Arago sets itself apart from most photonic computing ventures by being founded by physicists and AI experts rather than optics engineers. CEO Nicolas Muller says this cross-disciplinary foundation gives the team a unique edge in approaching next-gen computing challenges.
Jef, Arago’s flagship chip, is positioned as a “multiphysics processor,” combining the strengths of various technologies to execute high-throughput AI workloads with exceptionally low power demands. The chip is designed to handle complex AI tasks with 𝑛³ computational complexity, while optimizing for performance per watt and dollar.
Arago’s approach seeks to address a growing bottleneck in AI infrastructure: the limitations of traditional transistor-based silicon accelerators.
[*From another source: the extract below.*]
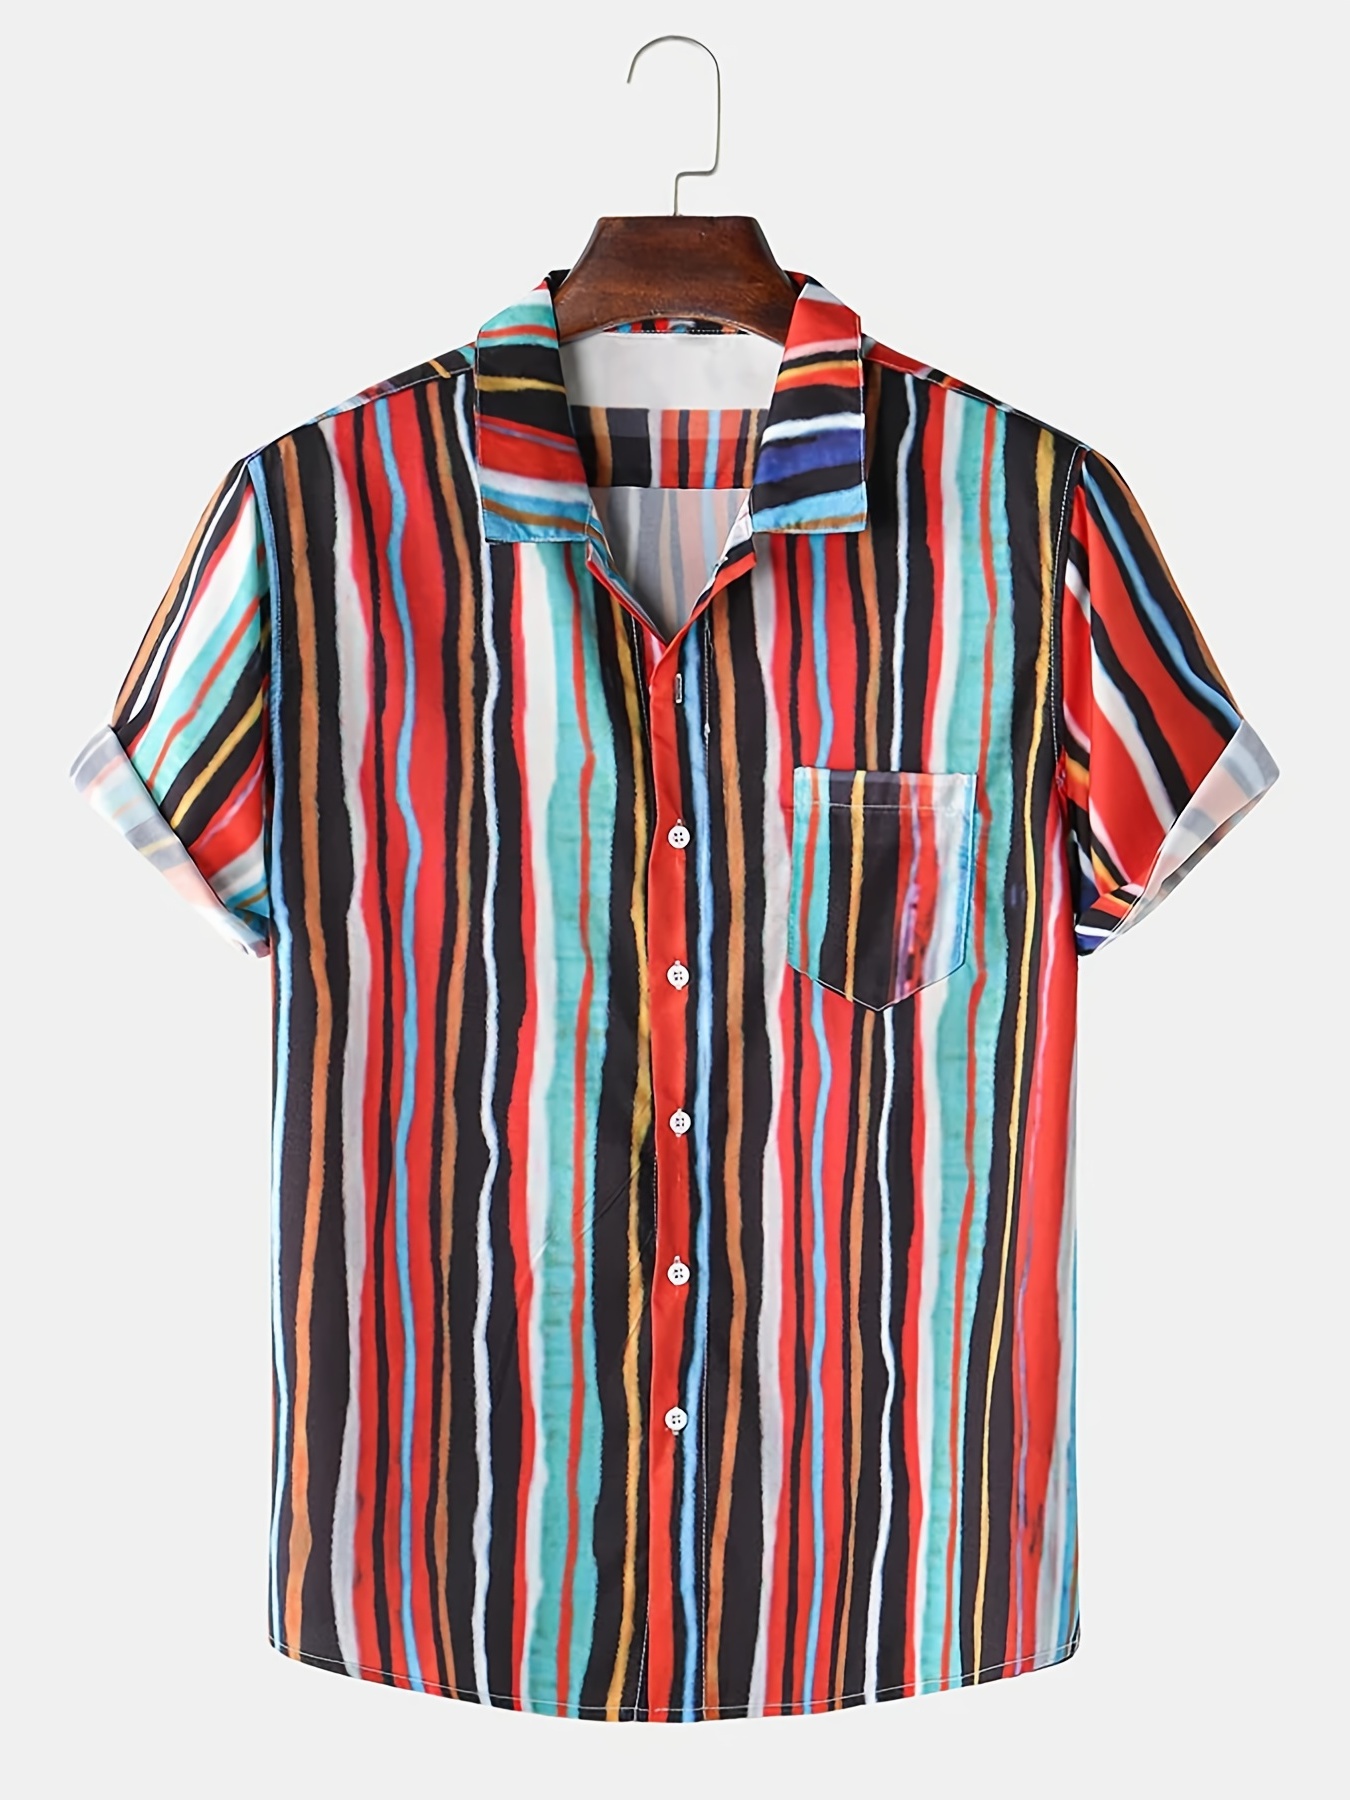 Temu Striped Print Lapel Neck Short Sleeve Shirt, Men's Cotton Blend Casual Summer Hawaiian Shirt Button Up Open Front Tops Beach Dress Shirts,Casual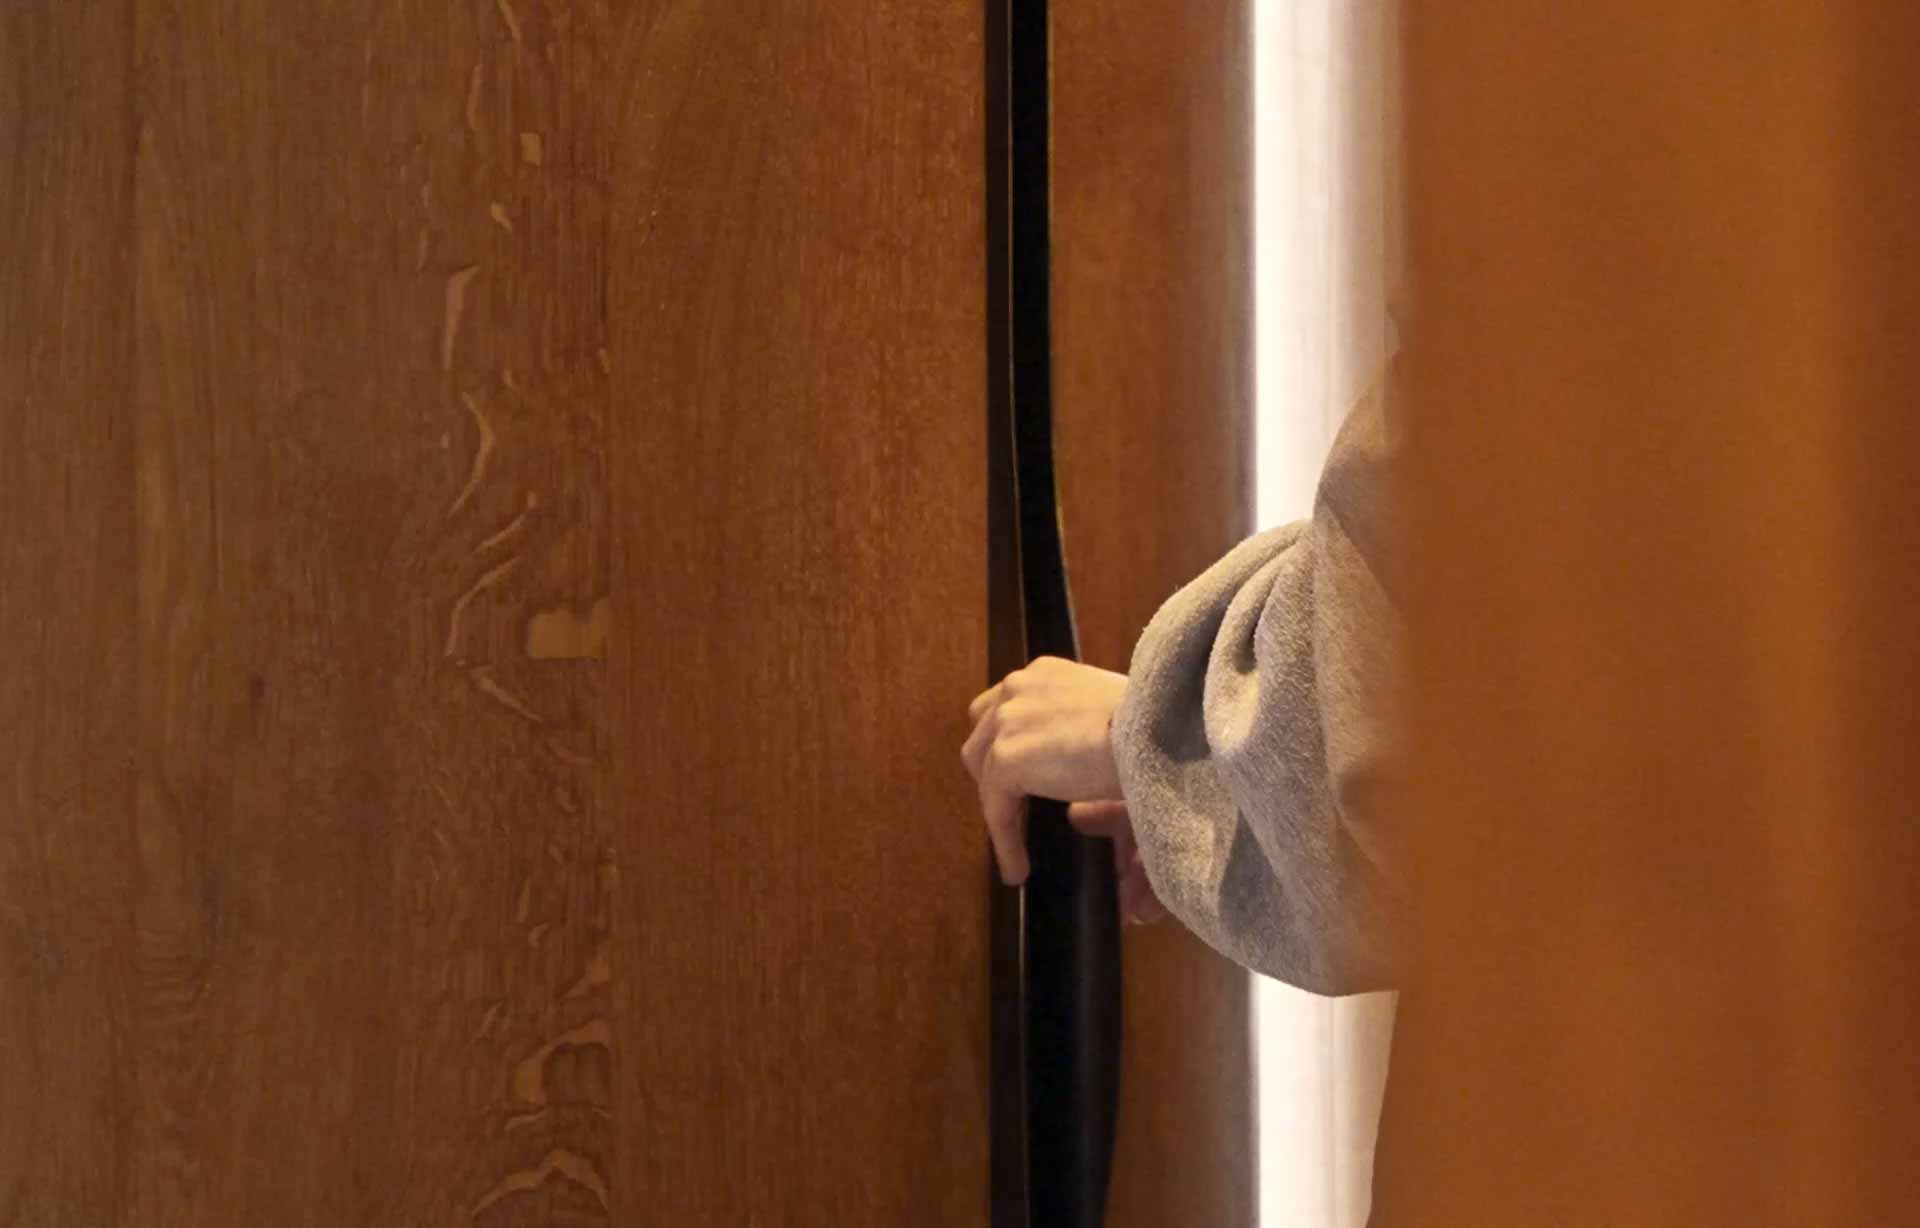 A hand opening a wooden door

The company believes that improving AI efficiency and scalability requires a fundamental shift in compute architecture—starting with light-based systems.
Despite the promise, Muller acknowledges that building a reliable, high-performance photonic computing chip that integrates easily into current AI stacks remains a steep technical hurdle.
Our Point of View
Arago’s bold attempt to disrupt the AI hardware space with light-powered chips is a signal of what’s next in compute innovation. As models grow in complexity and size, reducing energy consumption is not just a nice-to-have—it’s critical. This funding round is a bet on the future of AI acceleration beyond transistors, where photons—not electrons—do the heavy lifting.